Background
Soybean meal (SBM) is widely used in swine diets as a protein source, but contains various anti-nutritional factors (ANFs) such as trypsin inhibitor, oligosaccharides, antigenic factors and lectin. Anti-nutritional factors limit nutrient availability in weaning pigs [1,2]. Thus, many efforts to improve the nutrient availability of SBM have been made over the past decade.
Recently, fermented SBM (FSBM) inoculated with probiotic bacteria was introduced and evaluated in the diet of weaning pigs [3]. Fermentation of SBM by probiotic bacteria such as Aspergillus oryzae or Bacillus subtilis could degrade ANFs, produce small size peptide compared to conventional SBM (CSBM), and modify amino acid (AA) profiles by microbial AA synthesis and breakdown, resulting in improvement of the AA digestibility [2-4]. Previous studies demonstrated that FSBM supplementation improved protein digestibility in weaning pigs, which resulted from trypsin inhibitor elimination and high activities of protease and trypsin in the small intestine [2,5]. However, there is limited information about ileal AA digestibility of FSBM and other soybean products, and the potential differences of digestibility between FSBMs fermented by different bacterial species. Thus, a comparative study is clearly needed for efficient use of these soybean products in the diet of weaning pigs.

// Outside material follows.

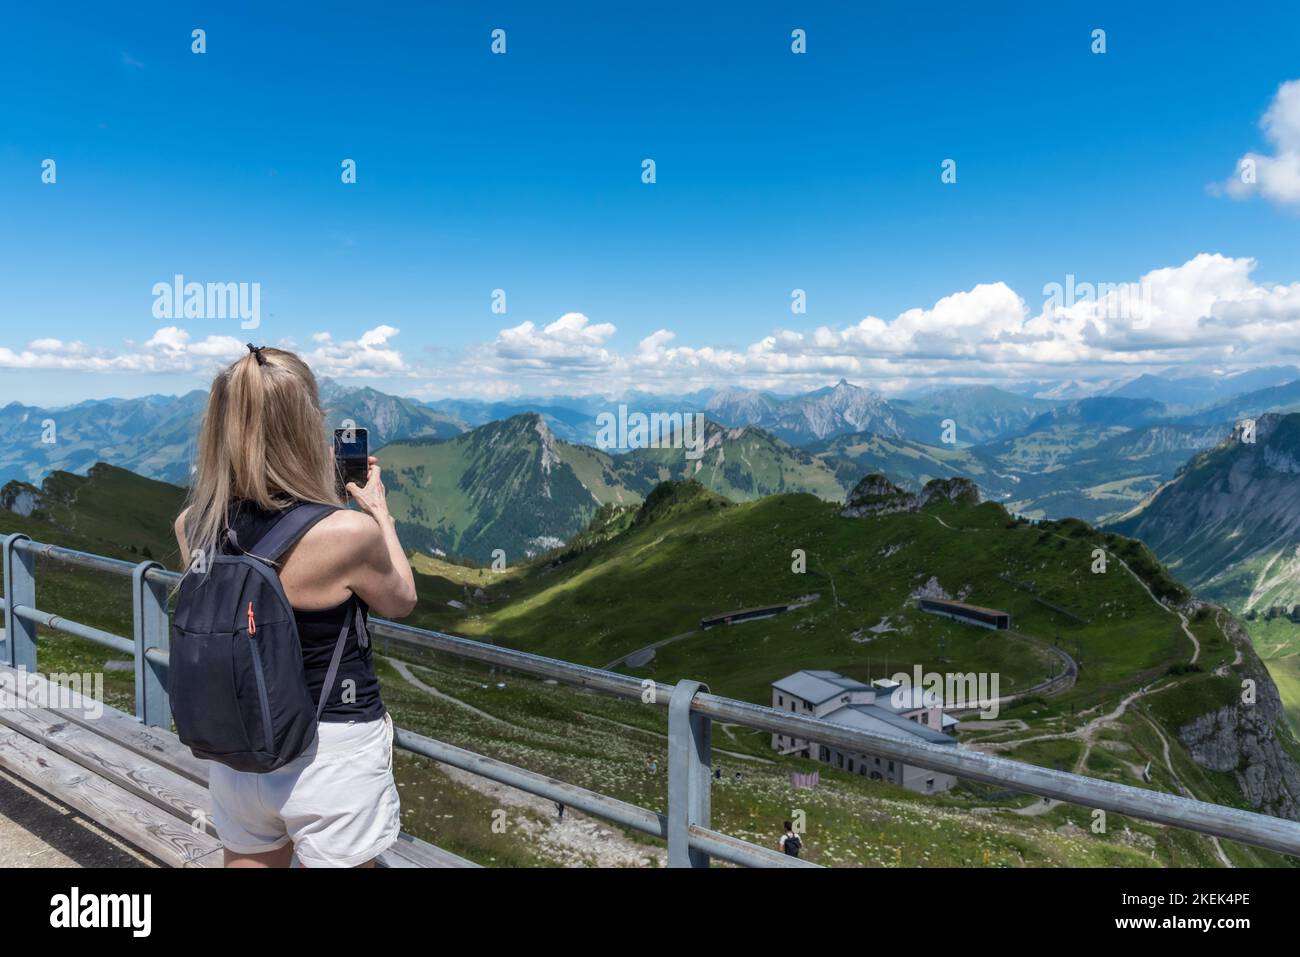 Mature adult blonde woman with backpack taking a photo of the Swiss Alps from a lookout point. Stock Photo
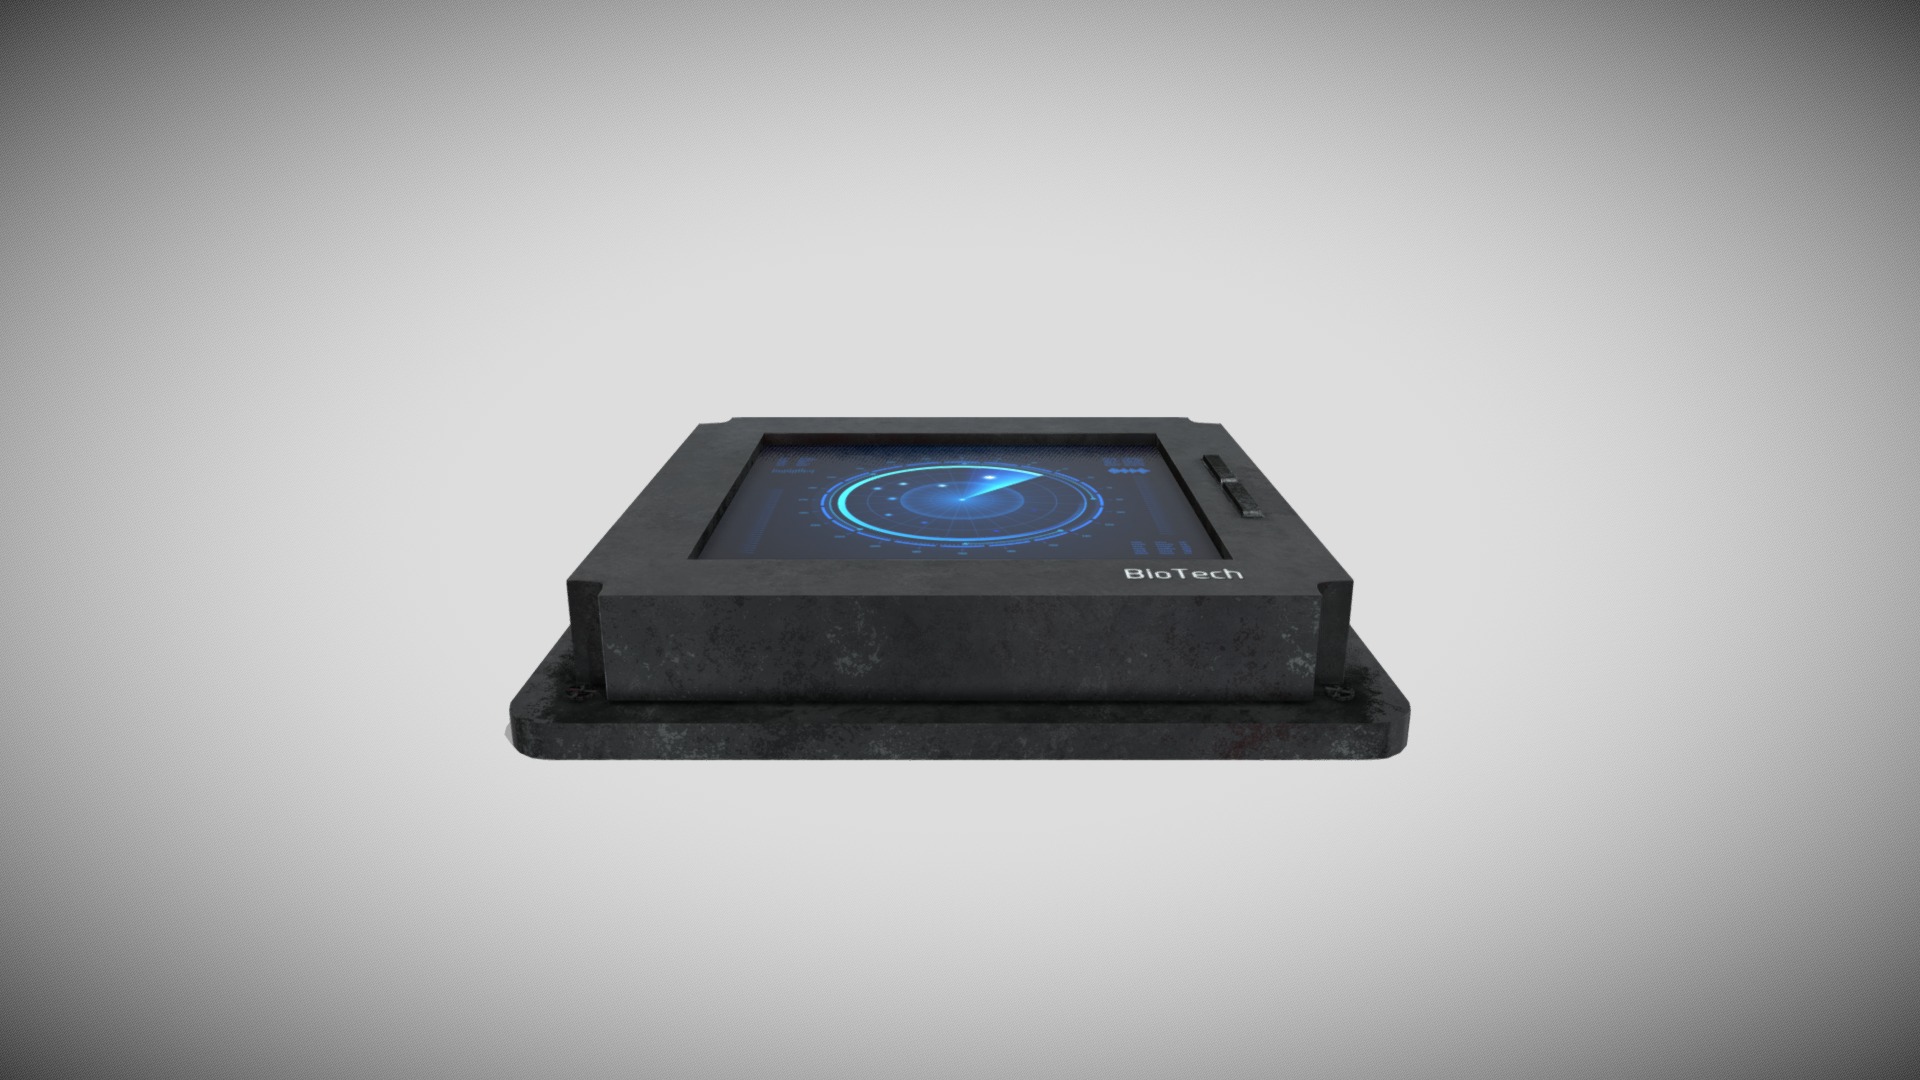 3D model Sci-fi  Element - This is a 3D model of the Sci-fi  Element. The 3D model is about a black rectangular object with a blue circle on it.

Therefore, the objective of this study is to evaluate apparent ileal digestibility (AID) and standardized ileal digestibility (SID) of crude protein (CP) and AA in different types of soybean products.
Methods
The protocol for the present experiment was approved by the Institutional Animal Care and Use Committee of Seoul National University, Seoul, Republic of Korea.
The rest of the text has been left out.